You’re absolutely right that you need to choose your own path and choose what to cut off. Like, When we think about growing our business, I’ve shut down two businesses that were making me over $100,000 a year profit because I decided to grow the business. Wasn’t the direction I wanted to head in. And it was a flip of the switch for me. I just decided I remember thinking about it for a week. And then I woke up one day and I’m like, nope, I’m done. Shut down the website. Shut down the eBay account, sell up all the stock. I’m done. I’ll do something else.

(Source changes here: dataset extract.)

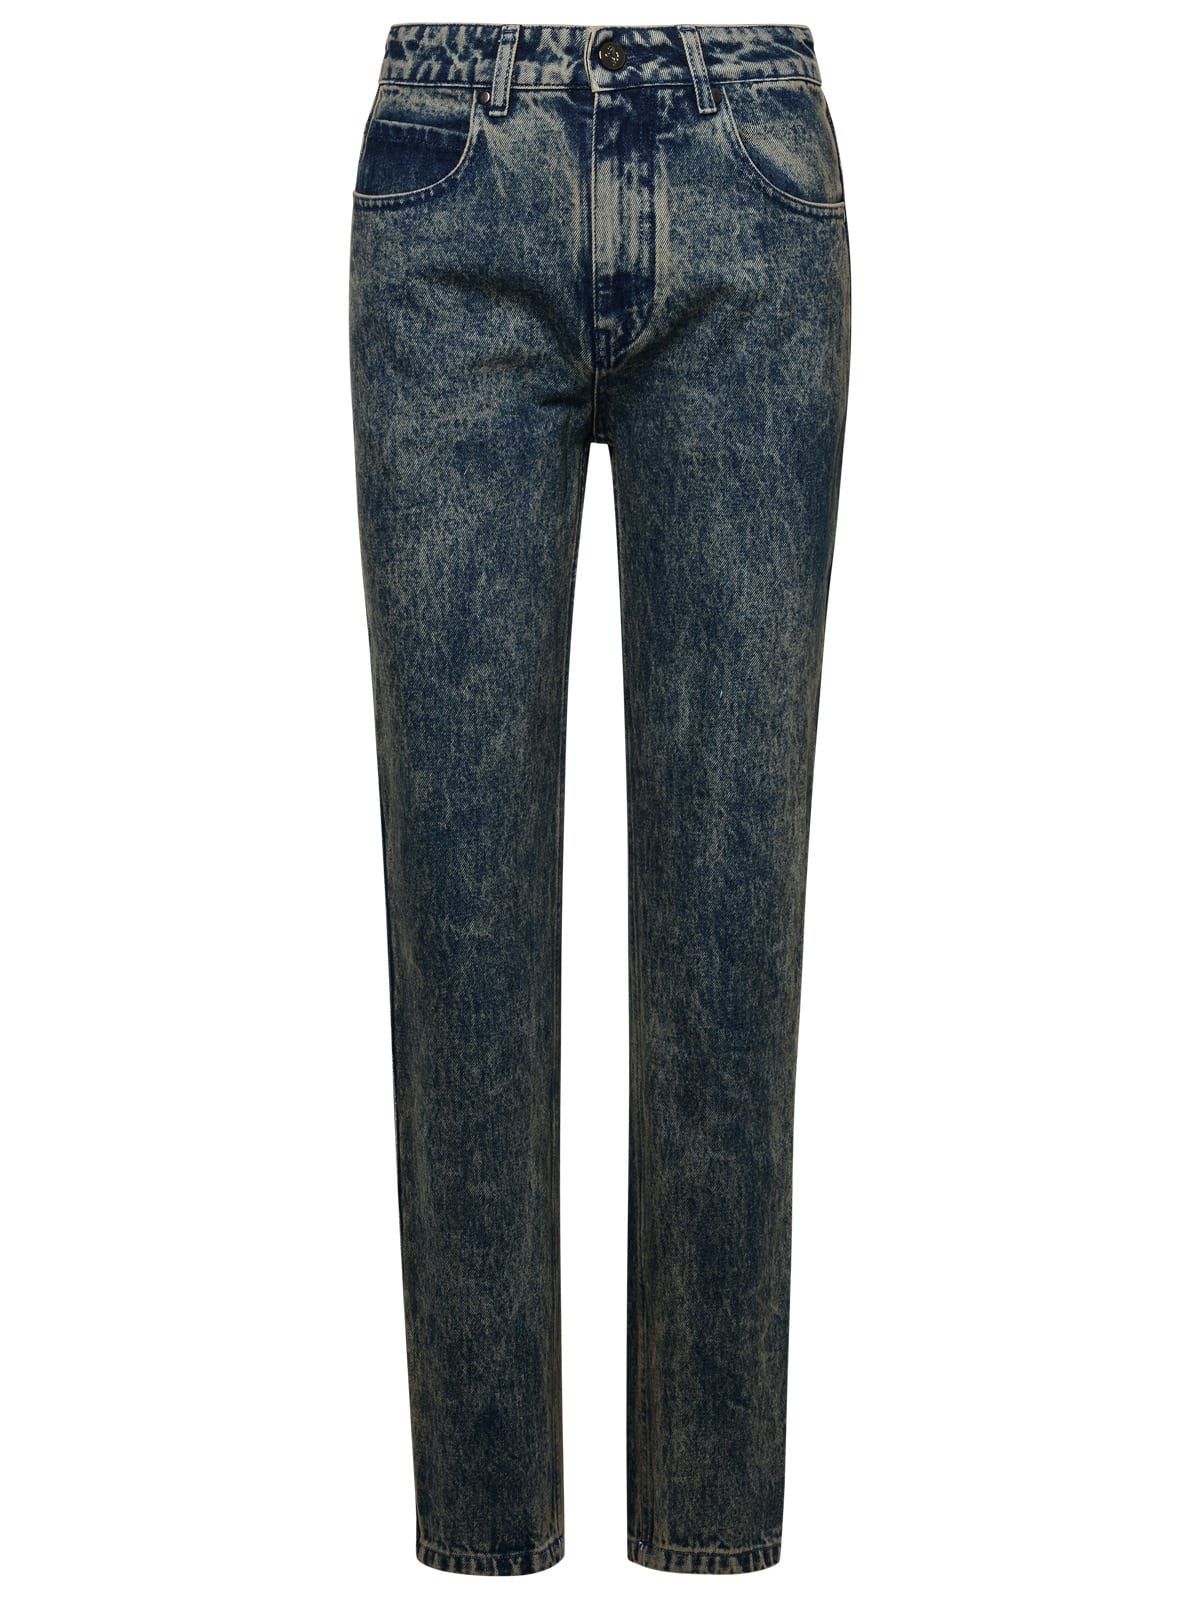 Shop Ferrari Blue Cotton Jeans

And Growth, jumping back to the earlier point of the conversation, I view both of those incidents as me choosing to grow the business of CHI, but growing the business required pruning, required cutting off the limb of that tree, saying, I’m not going to sell iPhones on eBay anymore. It’s too much stress. I’m not enjoying it. And I don’t see the business growing organically in the way I want it to. So snip, it’s done.
Yeah. I mean, I told you, right, when we started making this podcast, we’re going to do it until we’re not having fun anymore. And when we start to not have fun anymore, we’re done. That’s it. So we should always be having fun. I have been looking forward to this all day, right? Recording this episode. I love doing it. But if you’re not having fun anymore, you have to admit that to your heart of hearts, man. You really do. And then you have to cut it. And if you’re making profit, like that’s not an excuse. Others should be so lucky to make profit. A lot of people just flop around and don’t do anything. Like you’re in a very good position if you need to cut parts of your business out. Which is obviously the opposite of growth. You’re pruning a bonsai tree, right? And making your decisions to save the rest of the tree.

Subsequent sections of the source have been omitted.